ロボット展最終日、居残り組は少しだけタフに

秋田県大ブース、かかしロボを修理中

 最終日に向け総仕上げ-。国際ロボット展は展示時間が終わった後が技術者の勝負時間だ。コーヒー片手に夜遅くまでロボットやプログラムコードと格闘している。準備日の28日からの4日間で、パフォーマンスが格段に上がるロボットは少なくない。

 1日夜7時半、展示時間が終わった後も、10社以上のブースでモーター音が響いている。最終日を前に用意してきたパフォーマンスをすべて出し切るためにロボットの調整が続いている。ロボットは実際に会場で使うと本質的ではない細かなバグがたくさん出てくる。

 ロボットを顧客に収めるときは調整時間を十分とれるが、展示会の設営は突貫工事になりがちだ。準備日はたった1日で、何台ものロボットを立ち上げなければならない。そのため夜も改良を繰り返し、初日、二日目、三日目と日を追うごとに展示内容がレベルアップしていく。
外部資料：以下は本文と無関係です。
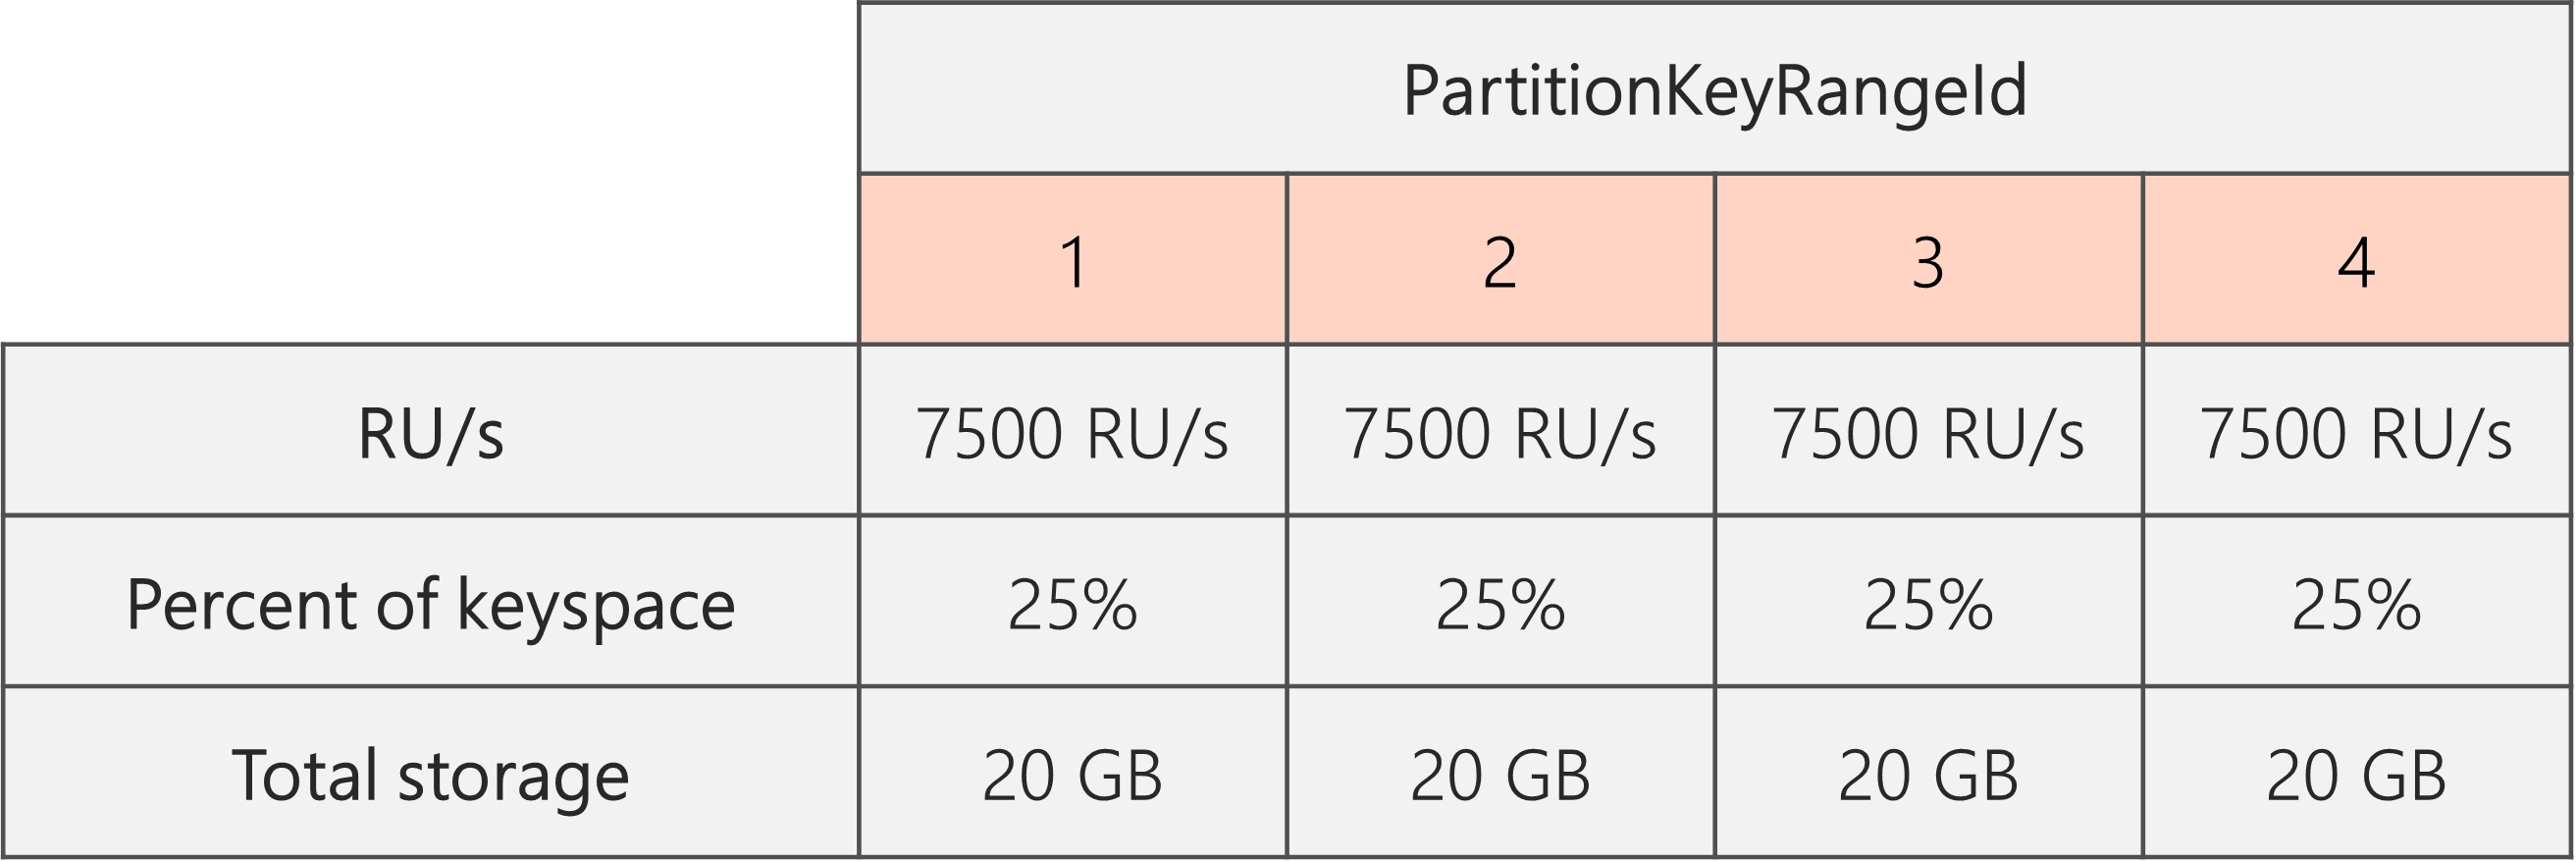 Po zakończeniu dzielenia i obniżeniu ru/s z 40 000 RU/s do 30 000 RU/s, istnieją 4 PartitionKeyRangeIds, każdy z 7500 RU/s i 25% całkowitej przestrzeni kluczy (20 GB)

 大学のロボットブースも同様だ。芝浦工業大学のブースでは大学院生二人と学部生一人の三人が居残りでロボットと格闘している。芝工大大学院の池田貴政さんは「明日は完全なシステムを見せたい」と気を引き締める。

 芝工大は東京都立産業技術研究センターやロボットサービスイニシアチブ(RSi)などと合計6ブースで連携して、ロボットネットワークシステムを出展している。各ブースのセンサーで混雑状況や人数を計測し、接客ロボットの稼働状況をネットワークで共有する。
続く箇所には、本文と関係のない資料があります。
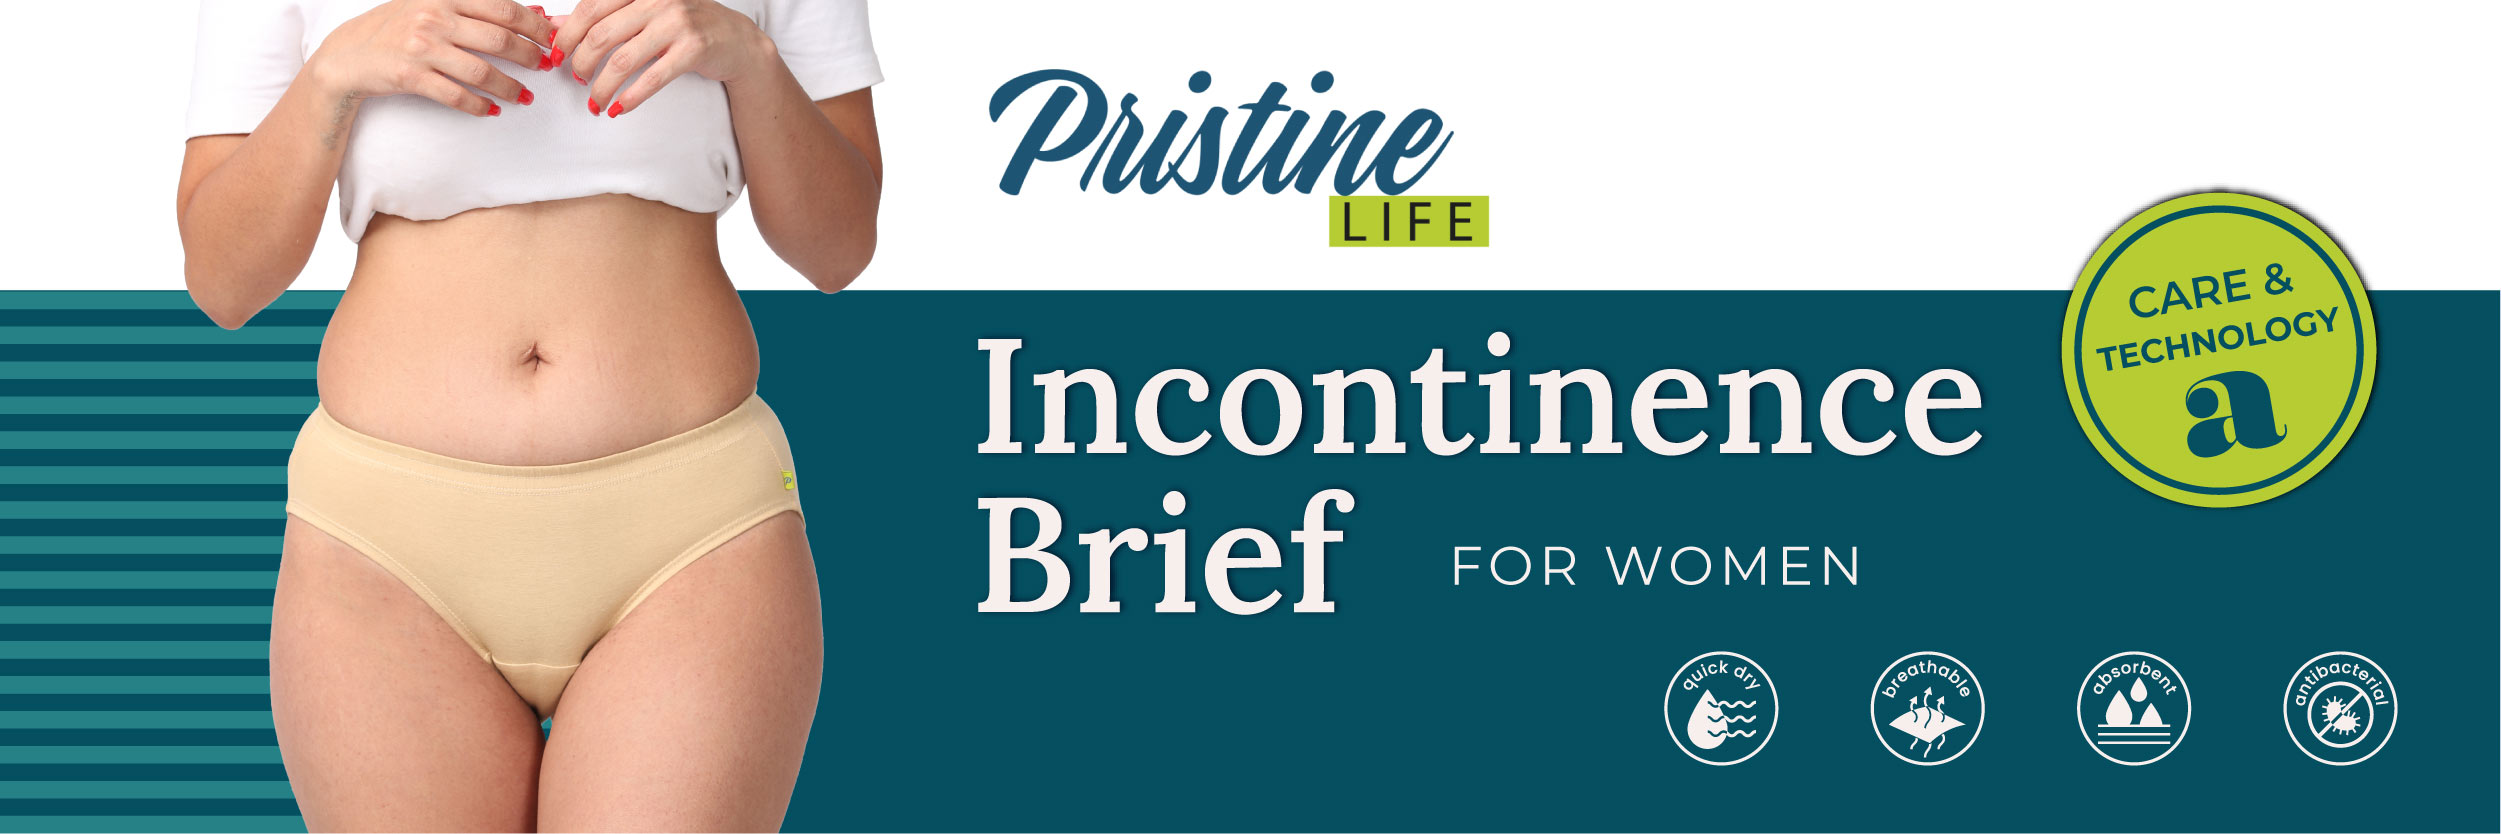 Pristine Life's Women Incontinence Underwear

 アンケート集計ロボやレシピ提案ロボなど、それぞれのロボットは動くものの、ブース来場者の人数などデータの一部がサーバーに上がってこなかった。Wi-fiなど混雑する通信周波数帯を切り替えるなど、対策を試してきたが原因は他にあった。「通信エラーやサーバーの問題ではなく、データが送れていなかった。このプログラムがうまくいけば、他のブースのロボットに移植してシステムを完成させる」。
芝浦工大ブース、ネットワークのバグ探し


 秋田県立大学のブースでは齋藤敬准教授と学生3人がロボットを修理する。齋藤准教授は「かかしロボ『初代しろやぎ』は17年間動いている。明日はここ数年で最高のコンディションを見せられる」と目を細める。

 「しろやぎマークⅡ」は初日は一部完成しておらず、ペットボトルのフタと締結バンドで補強していた。一般展示時間が終わるとホームセンターに部材を買いに走って修理した。だが3日目に小学生が操縦したところ、伸縮アームを限界以上に伸ばしてしまい、アームが壊れた。最終日前夜も居残りが決まった瞬間だった。

 齋藤准教授は「親子ともに本当に申し訳なさそうにしていた。だが壊れる機械を子どもに渡した我々が悪い」と振り返る。

 ロボットは壊れる度にタフになる。新しい故障メカニズムを特定して対策するためだ。居残りで機体をなおし、結果的にコンディションは最高になった。

 ただ例年より来場者が増えてロボットたちは酷使気味だ。しかも最終日は一般の家族連れが中心になる。「最後は存分に動かして壊してもらいたい。ロボットに興味を持って、この分野に進む子どもが一人でも増えるなら本望」という。

 連日居残りした学生も収穫があったようだ。昼間は忙しくてブースから離れられないが、展示終了後は余裕ができる。今回のロボット展はAIやIoTを使って、異分野とロボットをコラボレーションさせる技術がトレンドの一つだった。

 4年生の榊原智之さんはデンソーの小型ロボ「コボッタ」に目を付けた。「研究室に一台ほしい。滅菌ブース内に設置して細胞実験の作業を自動化する」と斎藤准教授に所望する。研究室ではバイオとロボットの両方を研究してきた。うまく使いこなす自信も、やる気もある。

 初日と最終日で作業精度が向上していたり、新しい機能が追加されていたりと、会場のロボットは日々進化している。最終日には、四日間でスクラップビルドを繰り返し、少しだけタフになったロボットと技術者が、あなたを迎えてくれるかもしれない。
最高コンディションのかかしロボ「初代しろやぎ」と「しろやぎマークⅡ」(奥)
ニュースイッチオリジナル
小寺貴之
小寺貴之 Kodera Takayuki 編集局科学技術部 記者
今年は大学の居残り組が少なく、企業の居残り組が多かったです。パフォーマンスが日に日に向上していて素晴らしいなと思ってしまいます。ただ初日のパフォーマンスが低いわけではなく、自動化工程の連携範囲が広がっていたり、機能が追加されていたりと見所が増えています。社名が出せないのが残念です。でも大きなブースはだいたい誰かが頑張っています。